TEM images. a TiO₂, b Fe/Ti = 0.05, and c Fe/Ti = 0.30 at different magnifications. Reprinted with permission from Teoh et al. (2007)). Copyright 2007, with permission from Elsevier

Applications of nano-TiO₂

The most promising applications of nano-TiO₂ are photocatalytic and photovoltaic applications. The band gap of nano-TiO₂ is usually larger than 3.0 eV. The optical properties of nano-TiO₂ enables it a good choice for UV protecting applications.

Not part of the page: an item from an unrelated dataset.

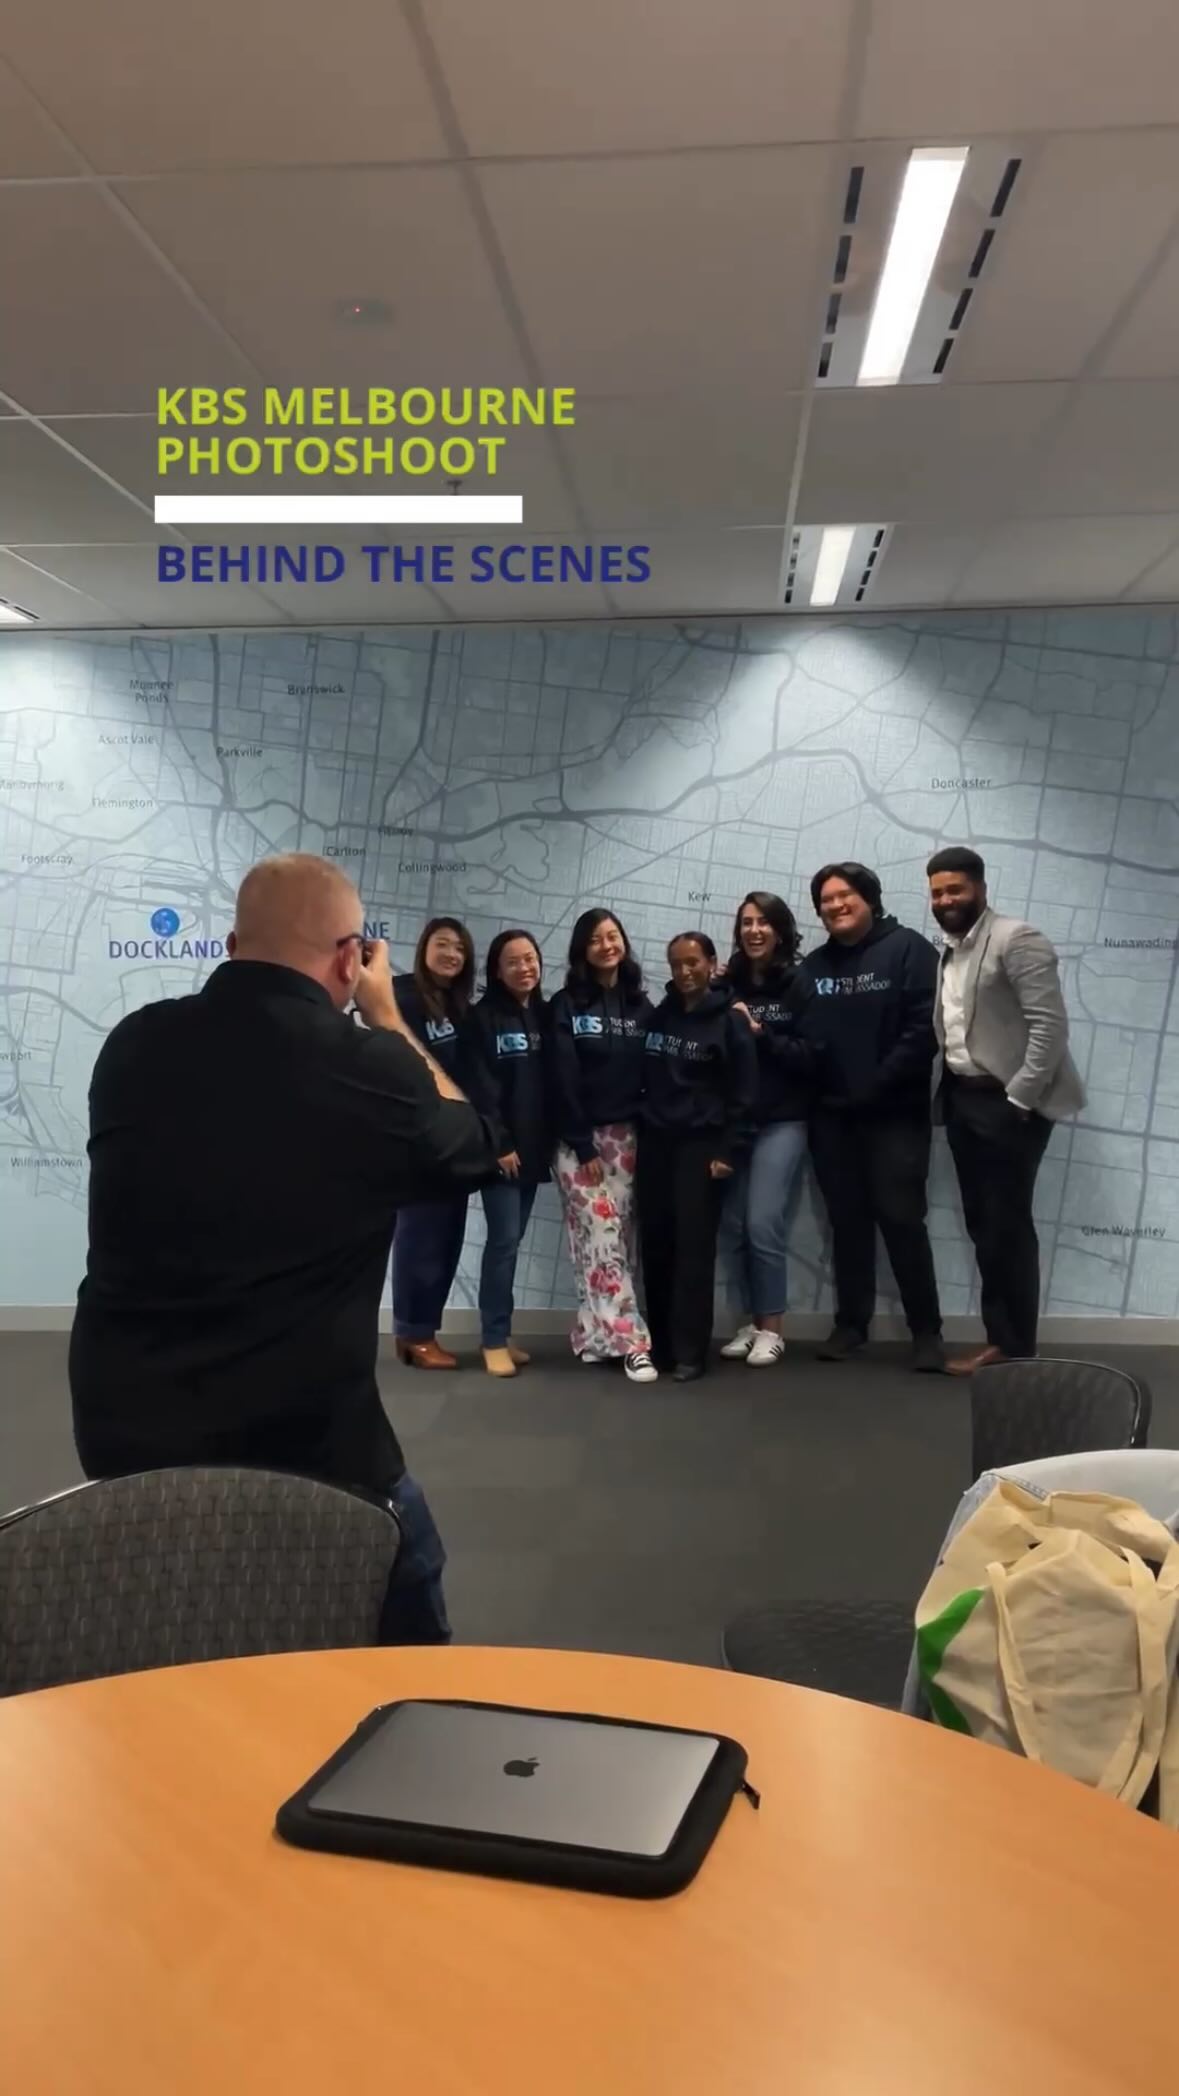 📸🎬 That’s a wrap! Check out some behind-the-scenes from the photoshoot at our Melbourne campus. Thank you to all our amazing students and staff for making it happen! 🙌🏻
#bts #kbsmelbourne #studykbs

Photocatalytic applications

TiO₂ is an environmentally benign and efficient material and extensively used in the photodegradation of numerous organic pollutants. Fujishima et al. described the mechanism of photocatalysis on surface of TiO₂ and discussed its practical interest in water purification, self-cleaning, self-sterilizing surfaces, and light-assisted H₂ production (Fujishima et al. 2008). Xiao et al. applied an inorganic TiO₂/Al₂O₃ nanolayers onto dyed blend of polyamide/aramid fabric by atomic layer deposition process to develop multifunctional fabrics that exhibit resistance to UV light. The successful deposition of TiO₂, Al₂O₃, and TiO₂/Al₂O₃ nanolayers on the surface of fiber was confirmed by EDX. The nanolayer-coated fabric showed excellent UV-resistant properties under high-intensity UV light (Xiao et al. 2015). Gaminian and Montazer investigated the self-cleaning of Cu₂O/TiO₂ on polyester fabric for automotive and upholstery applications. The results confirmed that the developed fabric displayed significant photocatalytic efficiency during the photodegradation of MB for both washed and unwashed samples. Moreover, the alkaline hydrolysis produces EG which acts as reducing agent for synthesis of Cu NPs (Gaminian and Montazer 2015). Harifi and Montazer prepared iron-doped Ag/TiO₂ nanocomposites by a facile photodeposition/wet impregnation process for photocatalytic applications under UV-vis light irradiations. Photocatalytic efficiency of developed photocatalyst was estimated by photodegradation of MB under different light irradiations. The Fe³⁺ doping on TiO₂ structure and deposition of Ag NPs on TiO₂ surface were confirmed by XPS analysis. Ag and Fe³⁺ synergistically enhanced the photocatalytic performance of TiO₂ for photodegradation of MB under both UV and visible light regions. The proposed photocatalytic mechanism of Fe³⁺:Ag/TiO₂ is described in Fig. 27 (Harifi and Montazer 2014).

Fig. 27

The photocatalytic mechanism of Fe³⁺Ag/TiO₂ photocatalyst under a UV light and b visible light irradiations. Reprinted with permission from Harifi and Montazer (2014). Copyright 2014, with permission from Elsevier

Ghanem et al. described photocatalytic performance of hyperbranched PET/TiO₂ nanocomposites. In a typical process, first TiO₂ nanowires were synthesized in alkaline medium from TiO₂ NPs by hydrothermal method which further hyperbranched with polyester by polycondensation. The results summarized that the developed nanocomposites have extensively higher photocatalytic performance than the pure TiO₂ nanowires and degradation time was also reduced to great extent (Ghanem et al. 2014). Arain et al. studied antimicrobial efficiency of cotton fabric treated with chitosan/AgCl–TiO₂ colloid. In their study, they used diverse blend ratios of chitosan and AgCl–TiO₂ colloid to obtain maximum antimicrobial efficiency against microorganisms. The results revealed that the AgCl–TiO₂ colloid with chitosan provides much better antimicrobial properties to cotton fabric than the fabric treated without chitosan (Arain et al. 2013). Senic et al. produced smart textiles modified with TiO₂ NPs for self-decontaminating properties. They summarized the results by producing TiO₂ NPs at low temperature with different methods and then incorporate them on different textile substrates by different methods (Senić et al. 2011). Gupta et al. applied TiO₂ and ZnO NPs on cotton fabric by using low amount of binder and studied the functional properties of the finished fabric. These results revealed that TiO₂-coated cotton fabric exhibited significant self-cleaning efficiency on light exposure which could be improved by adding more amount of TiO₂ NPs (Gupta et al. 2007).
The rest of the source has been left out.